Effect of storage condition on the chemical stability of extemporaneous preparation of Omeprazole suspension.

¹Mr. Harshad S. Deshpande, ¹Dr. V.B. Jadhav,  ²Dr. Mahendra Sahebrao Borse and ³Dr. Ravindra S. Dhivare

¹JET’s Z.B. Patil College,Dhule (Maharashtra) -424002.   

¹JET’s Z.B. Patil College,Dhule (Maharashtra) -424002.

²Department of chemistry, Uttamrao Patil College Dahivel Taluka-Sakri, District-Dhule Maharashtra

³BSSPs Arts, Commerce, and Science college songir Dhule

Email: mahendraborse@yahoo.com and Ravii_1978@rediffmail.com

Abstract: For the preparation of omeprazole suspension granules are available in the market. In this research suspension is prepared by using combination of vehicle, preservative and pH regulator. After preparation of chemical stability is evaluated by using stability indicating parameters. Chemical stability of suspension is significantly increased after pH maintain in strongly basic side.  Storage temperature plays significant role in chemical stability. Storage container has no significant impact on chemical stability. Due to use of polysorbet 80, shelf life is increased to significant extent due to its properties such as preservative agent, wetting agent, suspending agent. Research highlights novel suspension medium preparation, its impact on chemical stability. Temperature and storage container impact on stability.

Keywords: Omeprazole suspension, Chemical stability, polysorbet 80, Temperature effect on stability, Noval suspension medium.

Introduction: Proton pump inhibitors commonly known as PPI. PPI is used in the treatment of GRED (Gastroesophageal reflux disease), gastric and duodenal ulcers, erosive esophagitis (1). Omeprazole is wildly used PPI. Omeprazole dosage forms available in market having is lyophilised injection, capsules and dry powder for suspension. Oral route of administration is most common for all medicinal product. However any liquid dosage is always considered as most efficient dosage form, due to having advantages as flexible dose proportionality, suitable for all patient such as elderly or children, high efficiency and quick action. But “Omeprazole” is highly unstable in liquid dosage form due to acid catalyzed and hydrolytic degradation in aqueous medium. Presence of water accelerates protonation resulted to loss in potency. To slow down the reaction speed high pH is maintained by using sodium bicarbonate (2). Refrigerated storage condition further increases stability due to reduction in kinetic energy. In spite of these stabilization process, chemical stability of omeprazole suspension is very less, typically less than 14 days, reflecting the fundamental chemical limitations of maintaining sulfoxide stability in aqueous systems (3).
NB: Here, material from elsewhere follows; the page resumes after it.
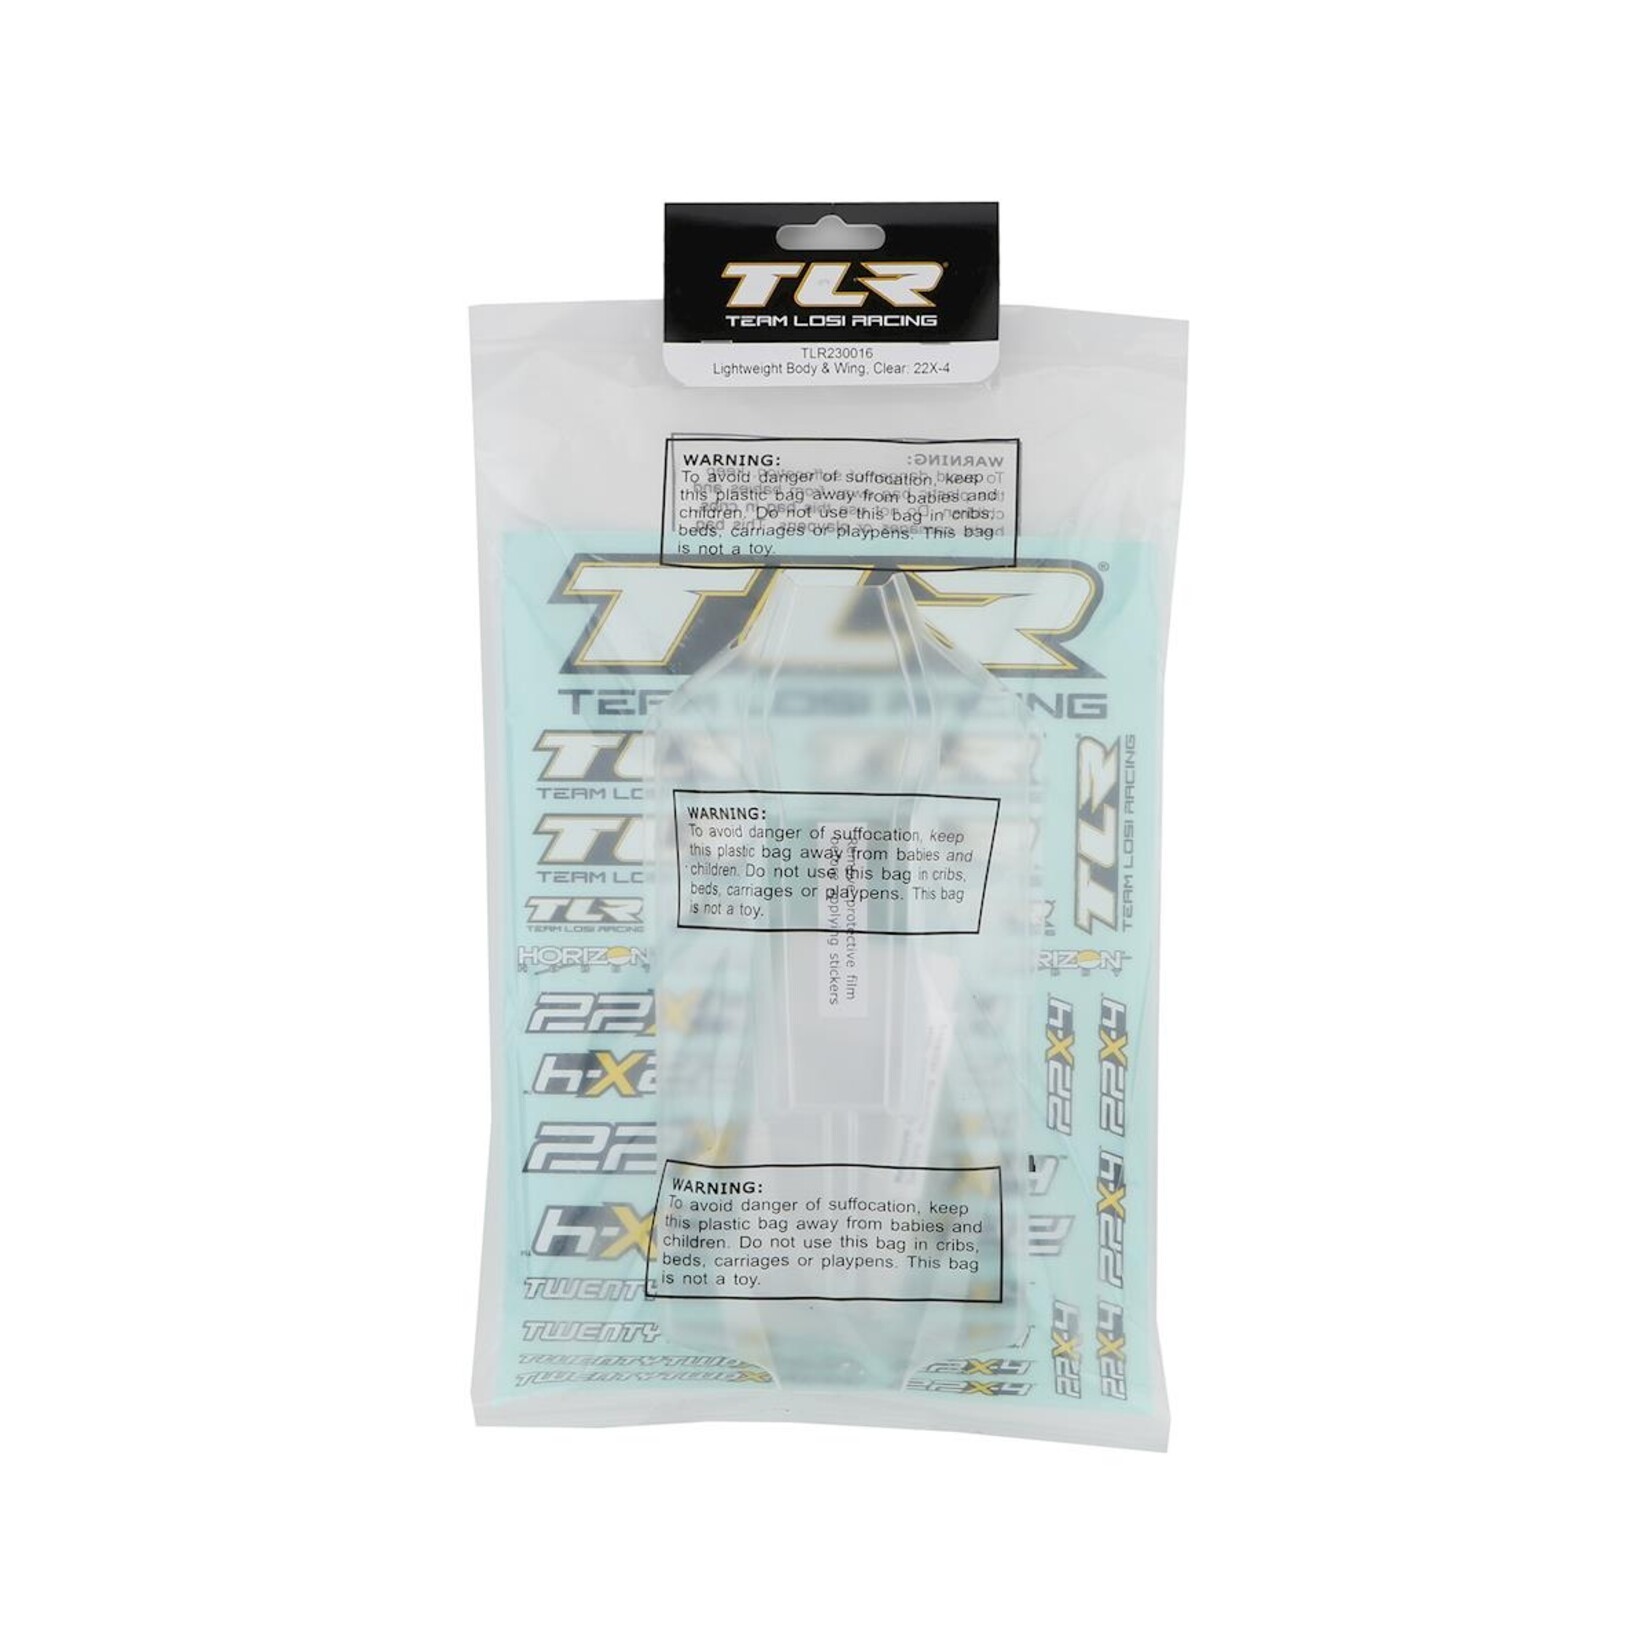 TLR Team Losi Racing 22X-4 Body & Wing (Clear) (Lighweight) #TLR230016

Hence Noval suspension medium is prepared by using combination of water, polysorbet 80 and NaOH for pH regulation. Polysorbet 80 is surfactant which will be added to increase stability and  suspendability due to its wetting, preservation and other properties such as hydrophobic nature, chelating nature, viscosity enhancer etc. but not limited to. (4, 5, 6, 7).
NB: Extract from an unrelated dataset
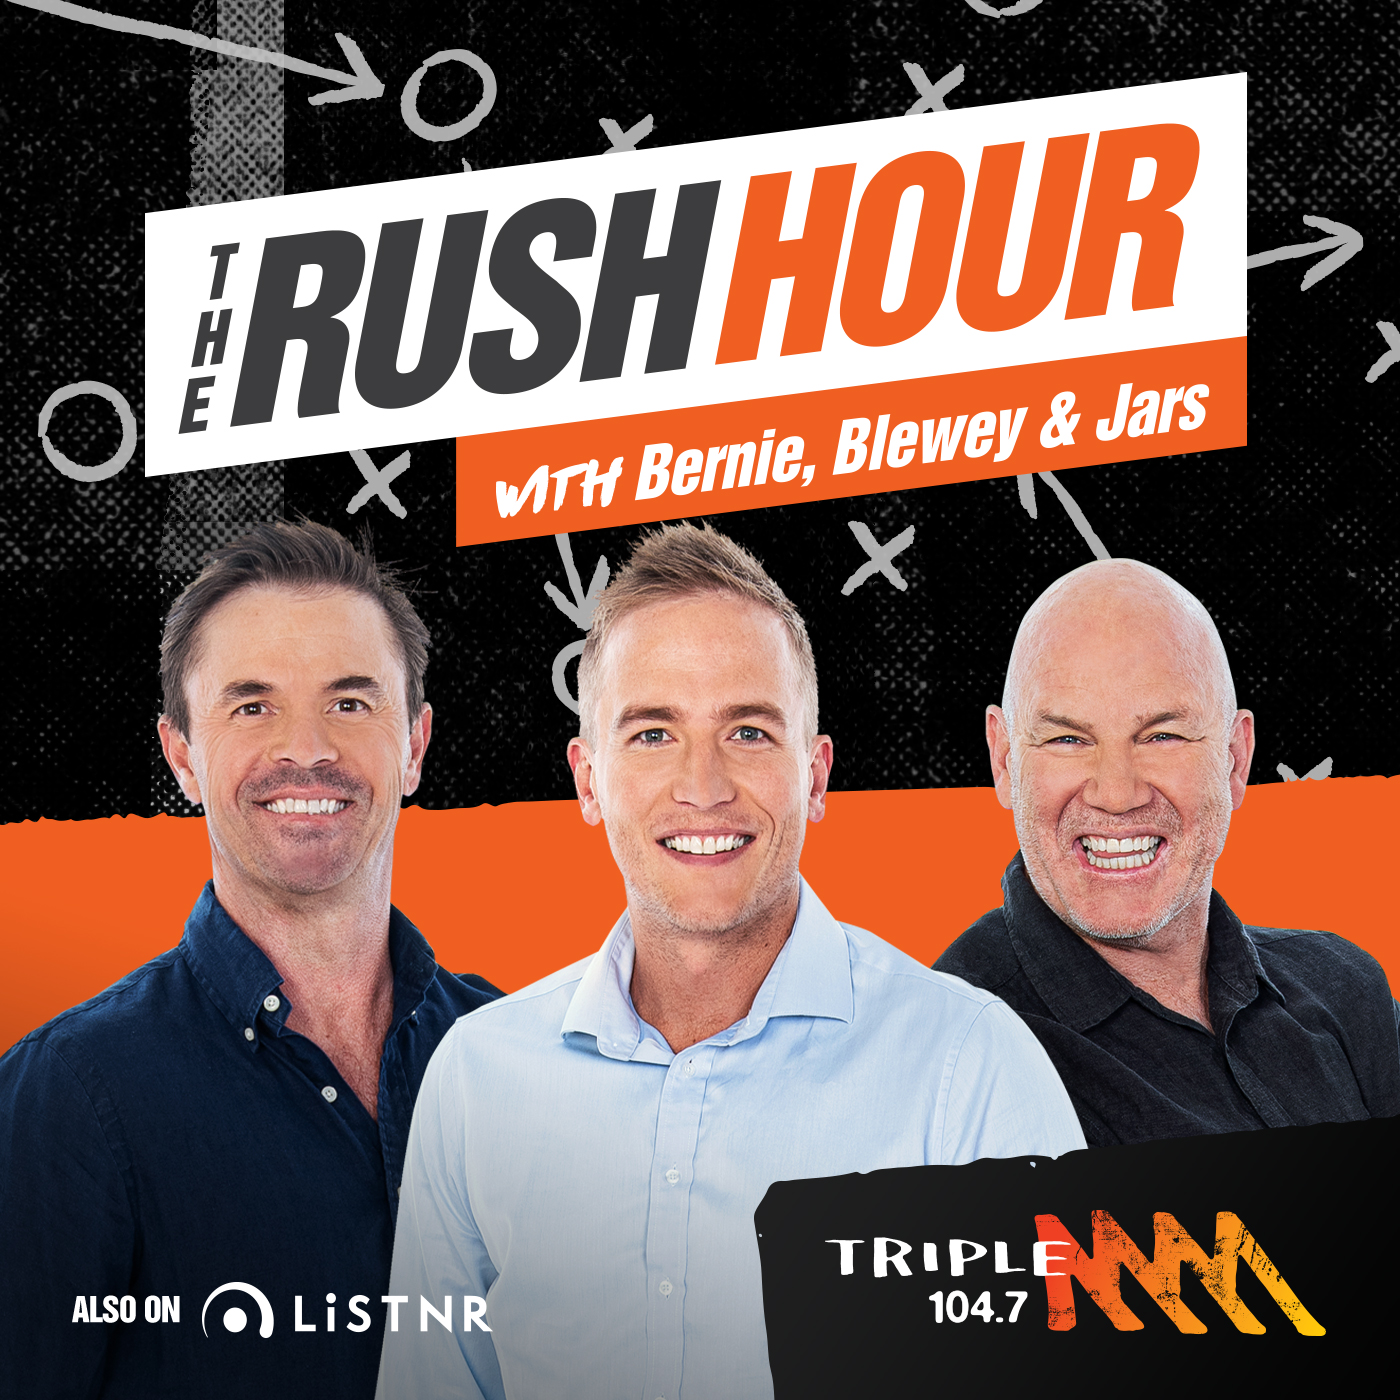 FULL SHOW - Ditt's Vs Bern, Cricket Fallout, Footy back early and Bernie's Final Facts - The Rush Hour with Bernie, Blewey & Jars.

Chemical stability is evaluated mainly as change in appearance, decrease in therapeutic efficacy and increase in impurity. The degradation is influence by light, temperature, reaction with container and closer, oxidation, moisture etc.

Materials and Methods: For the study omeprazole granules are procured from chemist which is manufactured by Dr. Reddy’s laboratories Ltd having brand name Omez Insta. The sachet is having label claim of 20 mg omeprazole. As per instruction provided on the sachet, complete sachet to be dissolved in water. Dubble distilled water is prepared in lab and used. Sodium hydroxide is procured from Merck and Polysorbet 80 (Vicapol 80) is procured from Viaswaat Chemicals.

For performance of test Morter Pestel, glass beaker, measuring cylinder is used to prepare suspension. For storage stability chamber of make Thermolab having storage temperature 2-8°C, 25°C & 60 % RH, 30°C & 75 % RH and 40°C & 75 % RH. For testing,pH meter, Oswal viscometer, Balance and Shimadzu HPLC is used (8).

For the determination of chemical stability of suspension, decided to perform test as Appearance, pH, Viscosity, Specific gravity, Assay, impurities and microbial limit test (8).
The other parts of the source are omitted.